Gasland and Shale Gas Fracking

I just watched the documentary GasLand (trailer below), which tells the horrifying tale of the shale fracking natural gas industry in the US. Luckily, activists in Québec managed to stop the industry from moving forward with its plans to start fracking the the lower St. Lawrence valley.

Here is a good rundown of what Shale Gas Fracking is.

However, the stoppage is simply a moratorium and will likely be lifted eventually. In the states, natural gas exploration is advancing at breakneck speeds (though New York has also imposed a moratorium). Having been promised the technology was secure, many down on their luck farmers and property owners could not resist the easy money of selling off some of their land for shale gas exploration. By any reasonable measure, the decision to pollute water ways and the air for a few tens of thousands of dollars seems short sighted at best, but when faced with outsized credit card debt and mortgages – cash is hard to resist.
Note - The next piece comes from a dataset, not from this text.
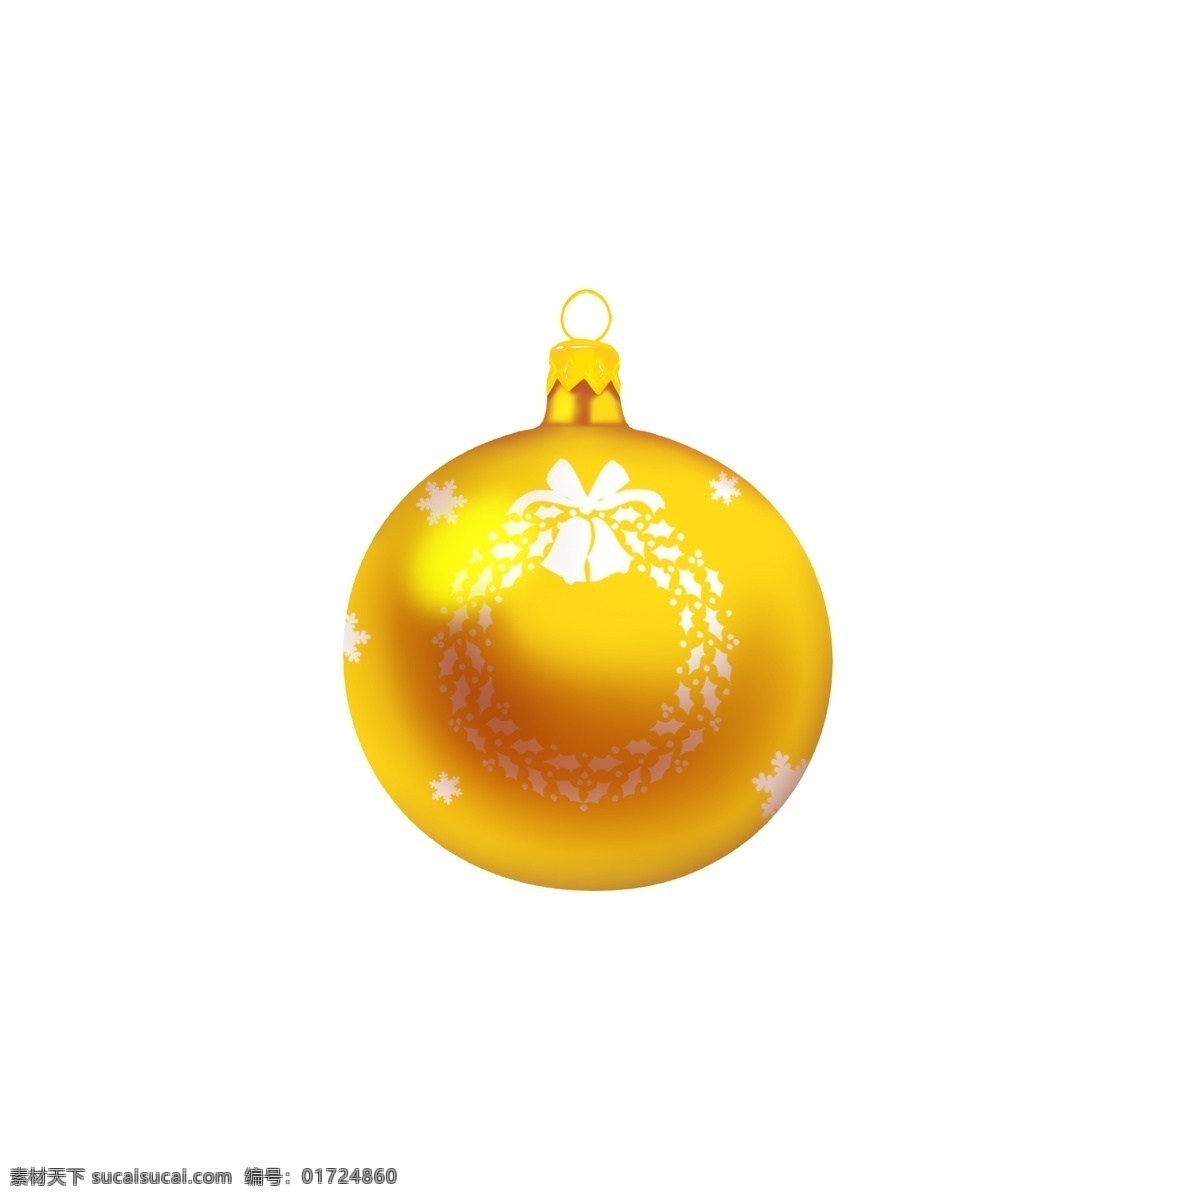 手绘 圣诞 装饰 球 金色 黄色 花环 雪花 创意 商用 圣诞节 可爱 手绘风 平安夜 铃铛 白色 配图 可商用 写实
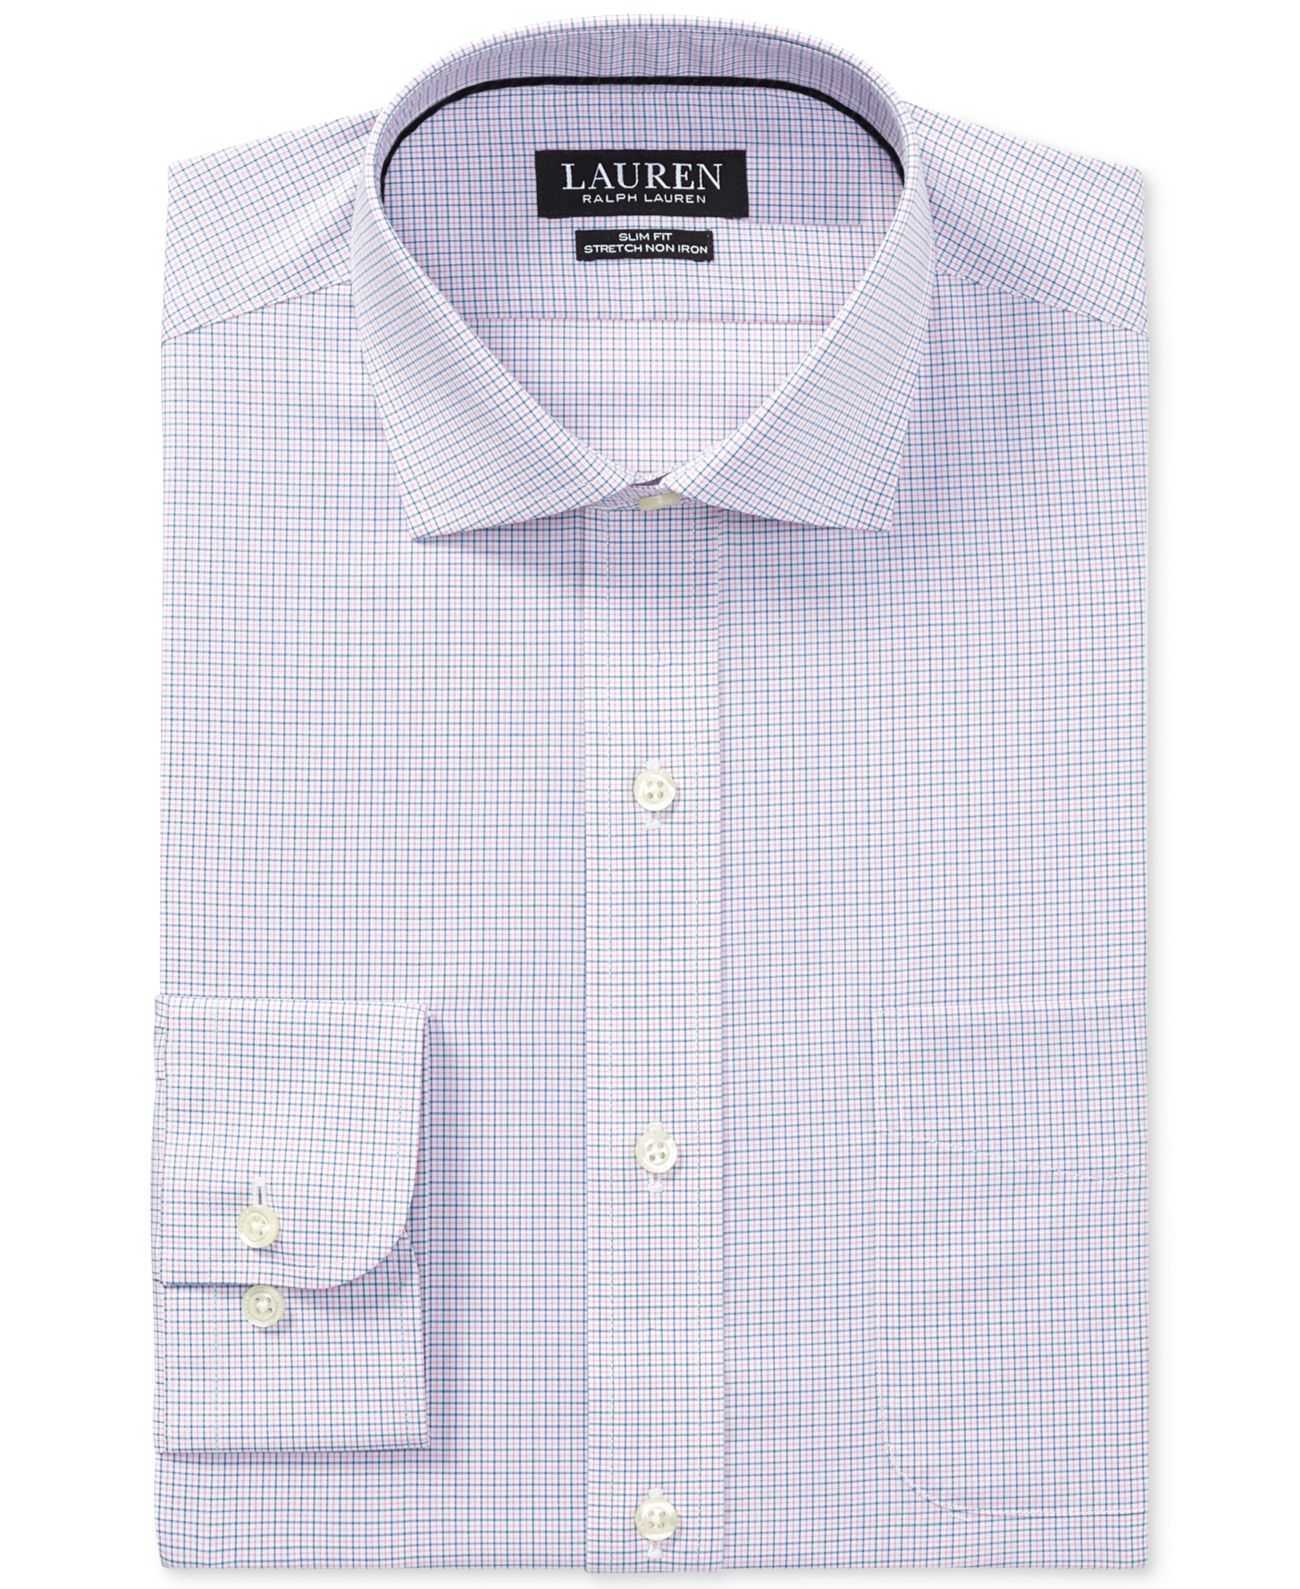 Ralph Lauren Men’s Dress Shirt (Pink/Blue, 17.5×36/37) - image 1 of 2

Of all the scary stories outlined in Gasland, the most dangerous is this: Shale gas fracking is done on hundreds of thousands of small platforms, not large centralized rigs. The distributed nature of the extraction makes it very difficult for the environmental protection agencies and communities to identify, monitor and control the source of pollution and danger. For example, in Canada we have the National Pollutant Release Information (NPRI) that requires sites who emit over a certain threshold to report their air emissions. The US has a similar program called TRI. Because each individual gas extraction platform is considered a site they typically fall under the threshold and do not need to report. This is very troubling. With hundreds of thousands of sites spread over vast territories, the potential impact is massive.

The distributed nature of the exploration also makes it nearly impossible to monitor – how many thousands of rivers, marshes, wells and air emissions can underfunded environmental protection agencies reasonably monitor?

I encourage everyone to watch Gasland and ensure your governments properly control the Shale Gas fracking industry. France just banned shale gas fracking, why can’t we?